AIM OF THE TASK -
Repeat every line of the listing below exactly, minus the pictures.

SOURCE MATERIAL -

^^^^^^^^

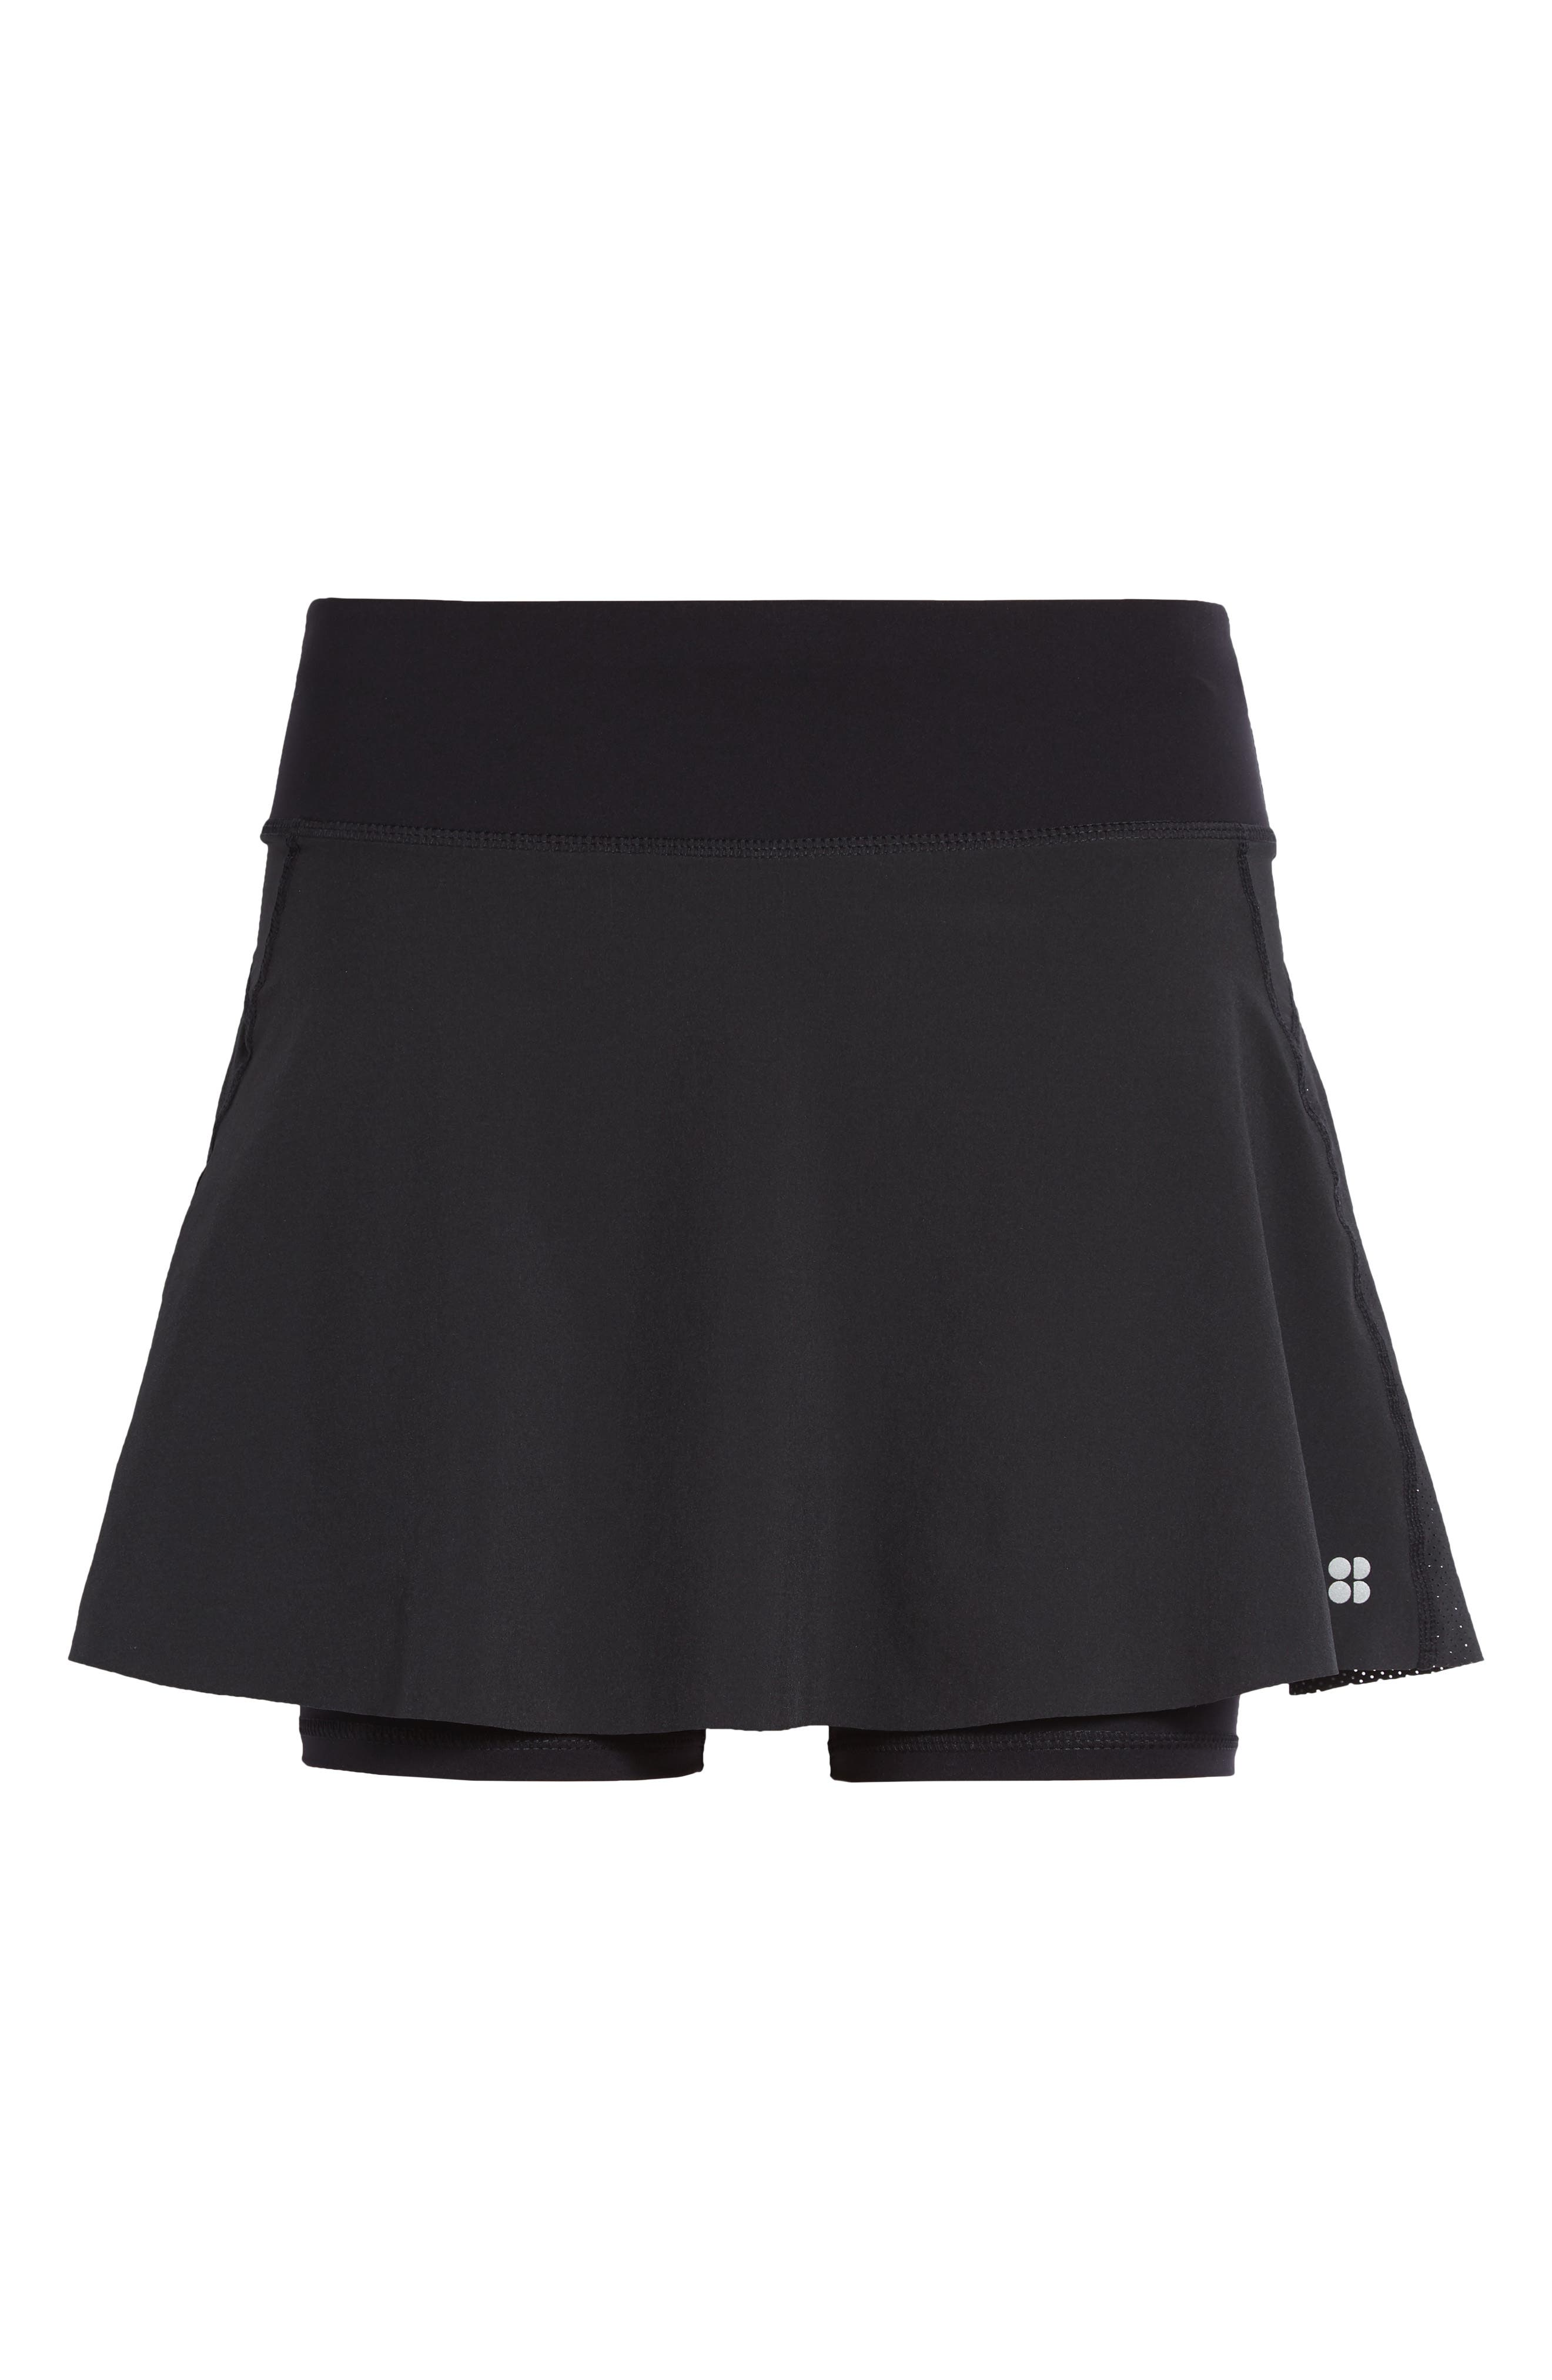 Women's Sweaty Betty Swift Tennis Skort
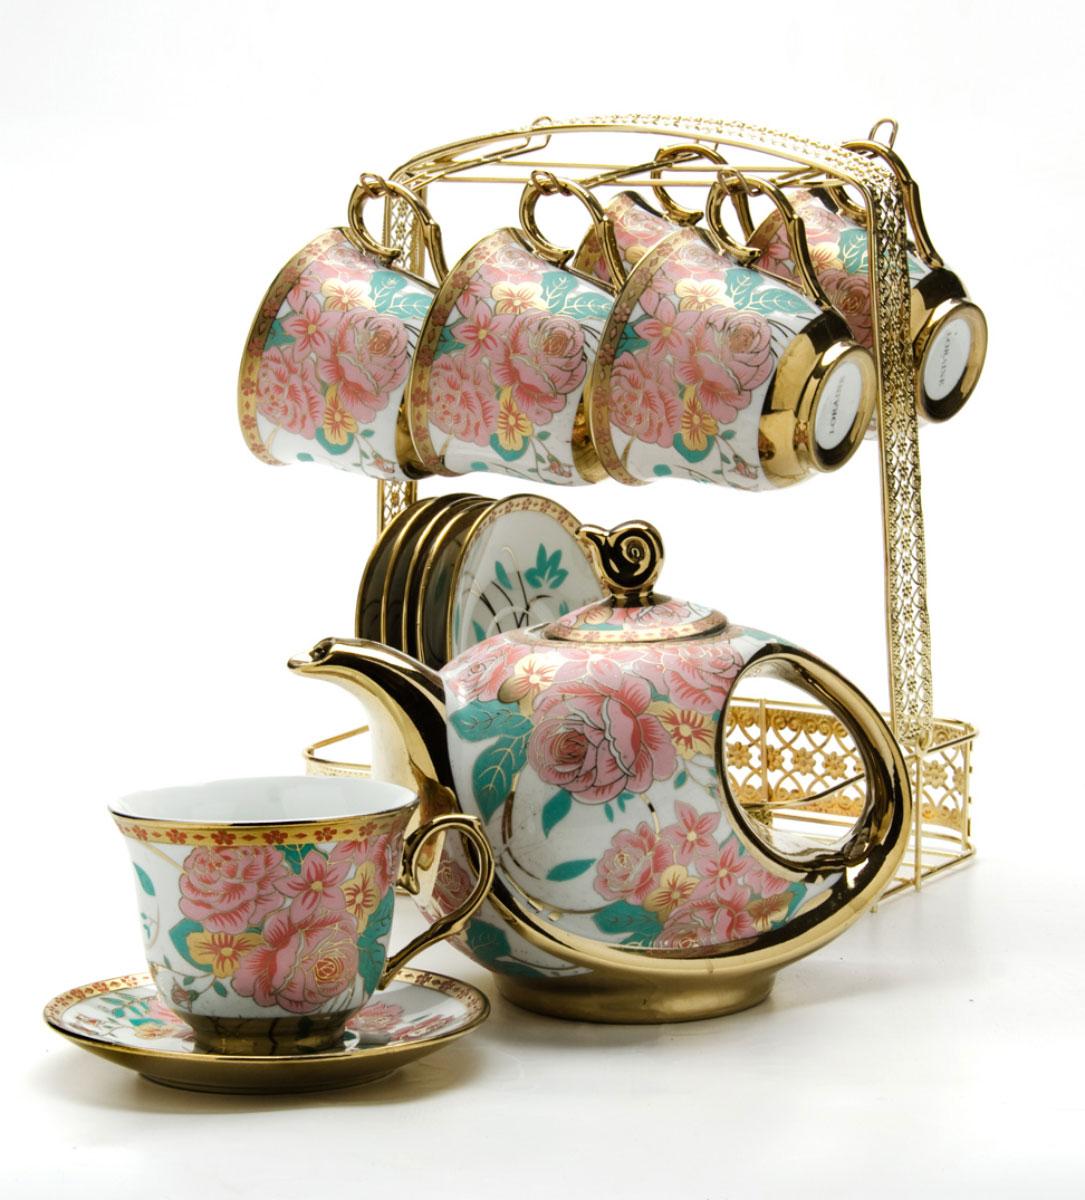 Набор чайный Loraine, на подставке, 15 предметов. 2478324783Чайный набор LORAINE состоит из шести чашек, шести блюдец и заварочного чайника. Предметы набора изготовлены из керамики и оформлены изображением цветов и бабочек. Все предметы располагаются на удобной металлической подставке с ручкой. Элегантный дизайн набора придется по вкусу и ценителям классики, и тем, кто предпочитает утонченность и изысканность. Он настроит на позитивный лад и подарит хорошее настроение с самого утра. Чайный набор LORAINE идеально подойдет для сервировки стола и станет отличным подарком к любому празднику.
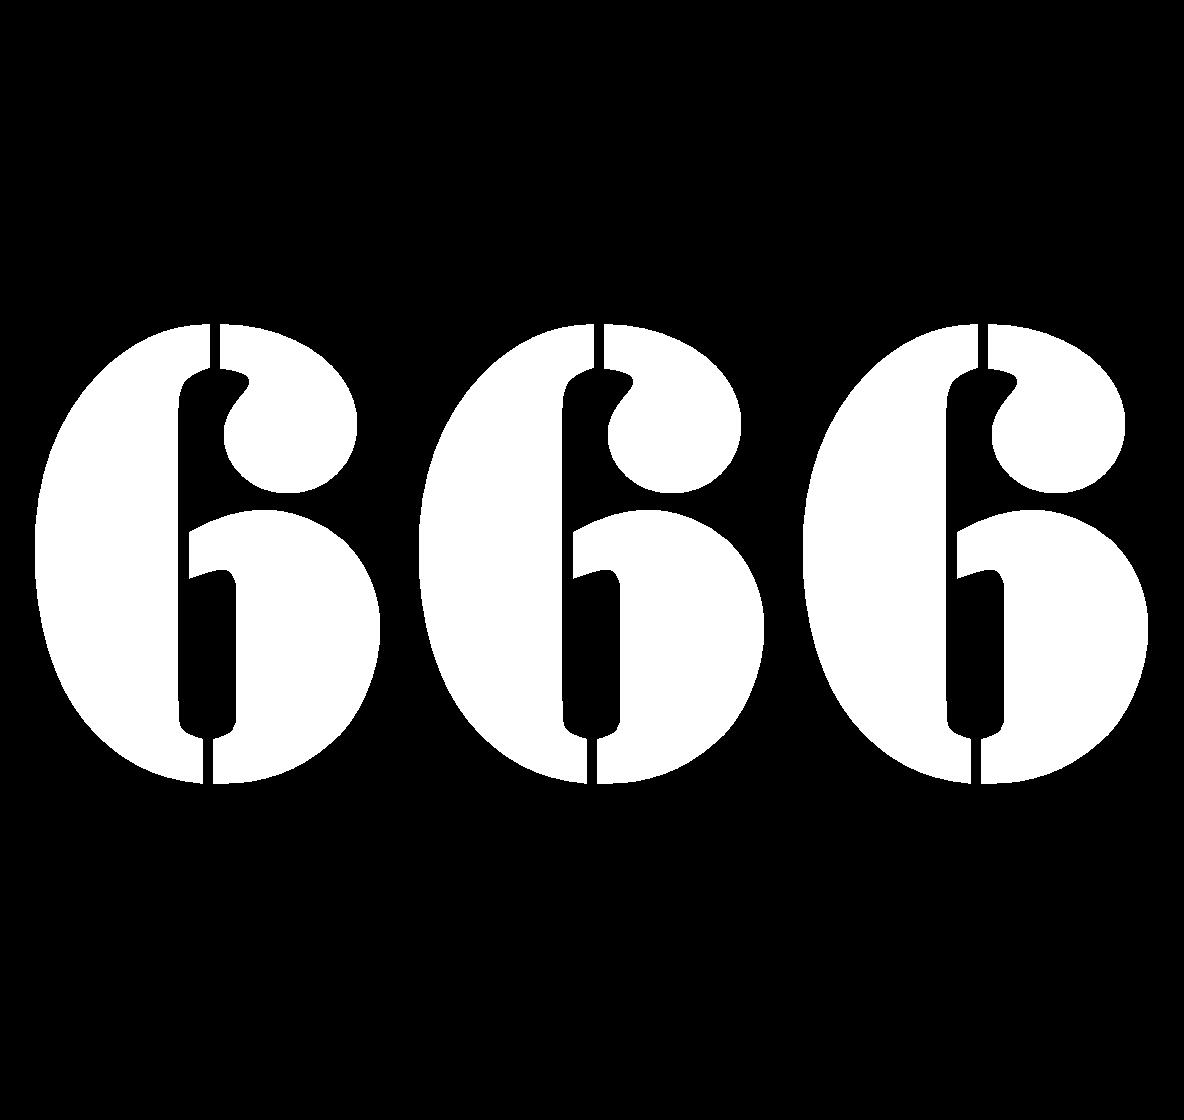 666 рублей через Сбербанк
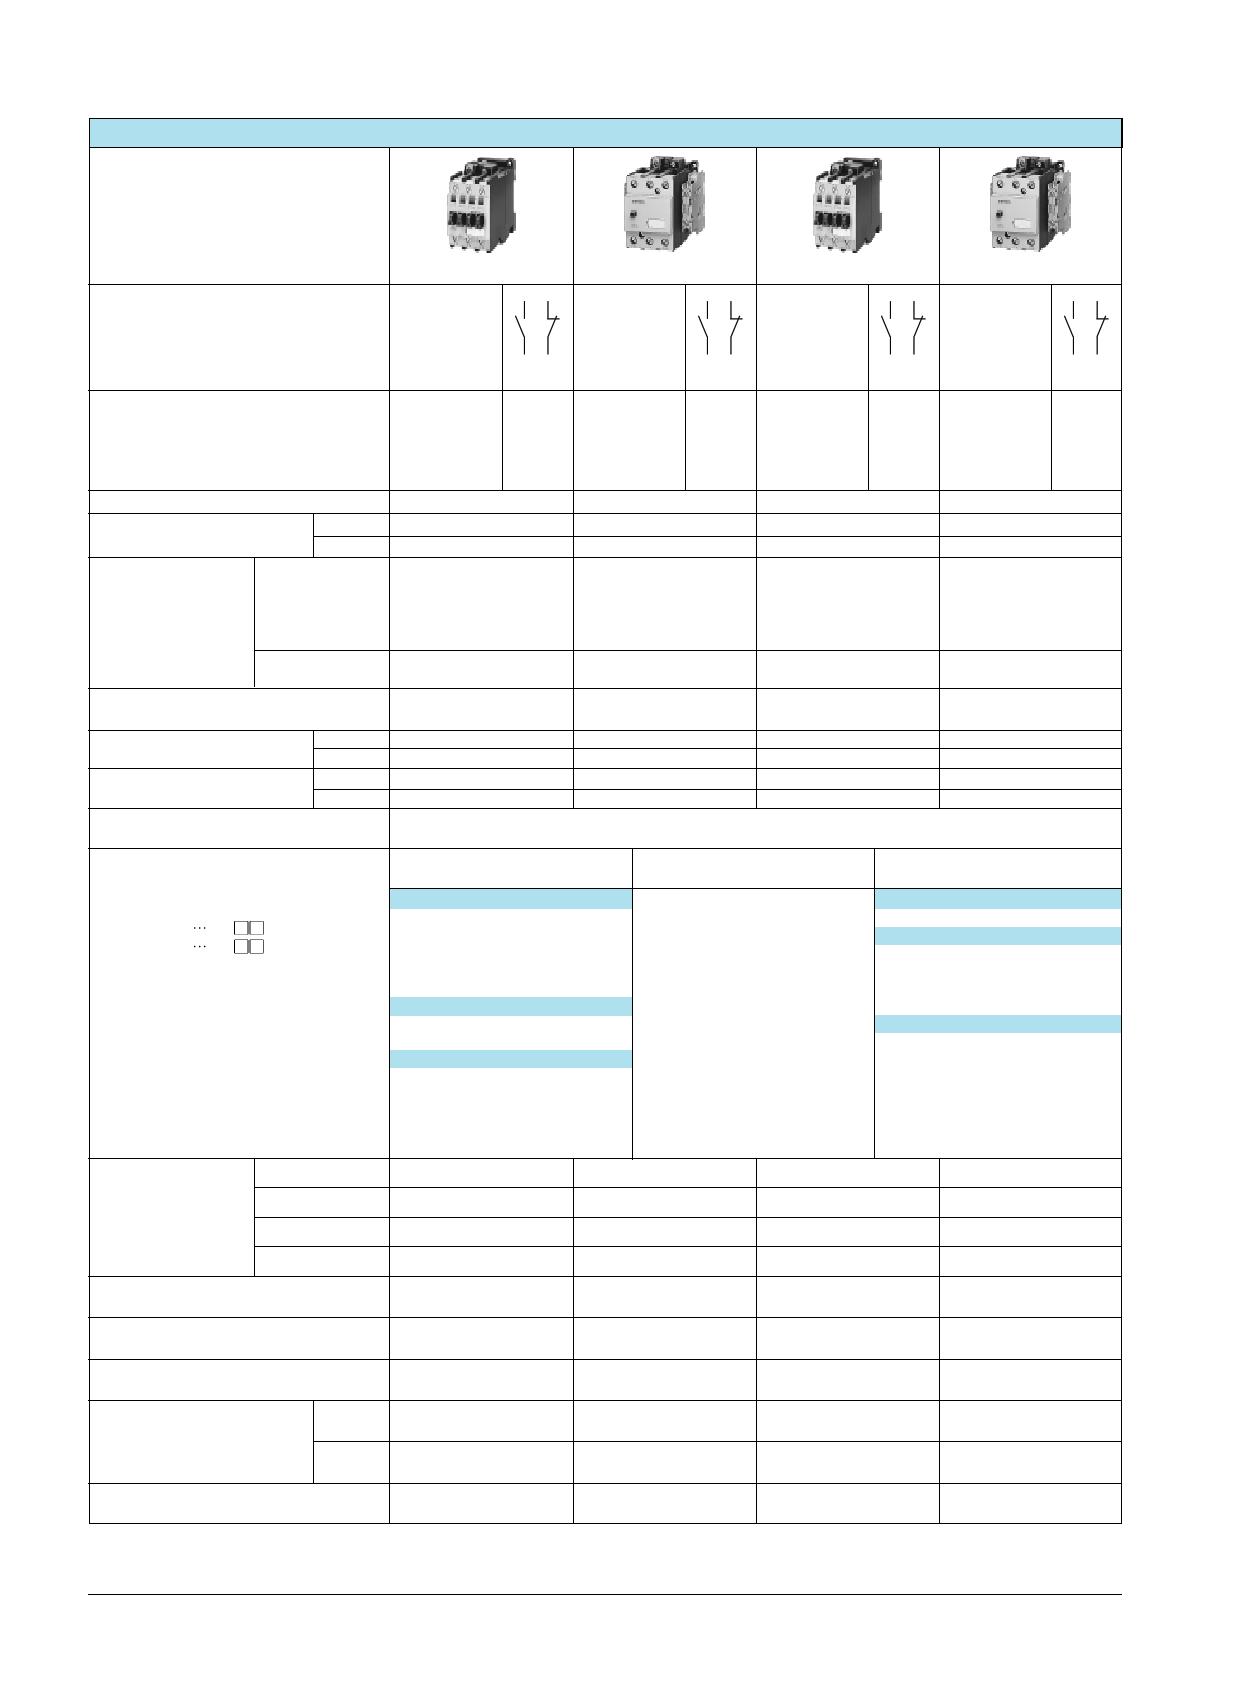 3TF56 pdf, 電子部品, 半導体, ピン配列

^^^^^^^^

PROBLEM SOLUTION -
 Women's Sweaty Betty Swift Tennis Skort
 Набор чайный Loraine, на подставке, 15 предметов. 2478324783Чайный набор LORAINE состоит из шести чашек, шести блюдец и заварочного чайника. Предметы набора изготовлены из керамики и оформлены изображением цветов и бабочек. Все предметы располагаются на удобной металлической подставке с ручкой. Элегантный дизайн набора придется по вкусу и ценителям классики, и тем, кто предпочитает утонченность и изысканность. Он настроит на позитивный лад и подарит хорошее настроение с самого утра. Чайный набор LORAINE идеально подойдет для сервировки стола и станет отличным подарком к любому празднику.
 666 рублей через Сбербанк
 3TF56 pdf, 電子部品, 半導体, ピン配列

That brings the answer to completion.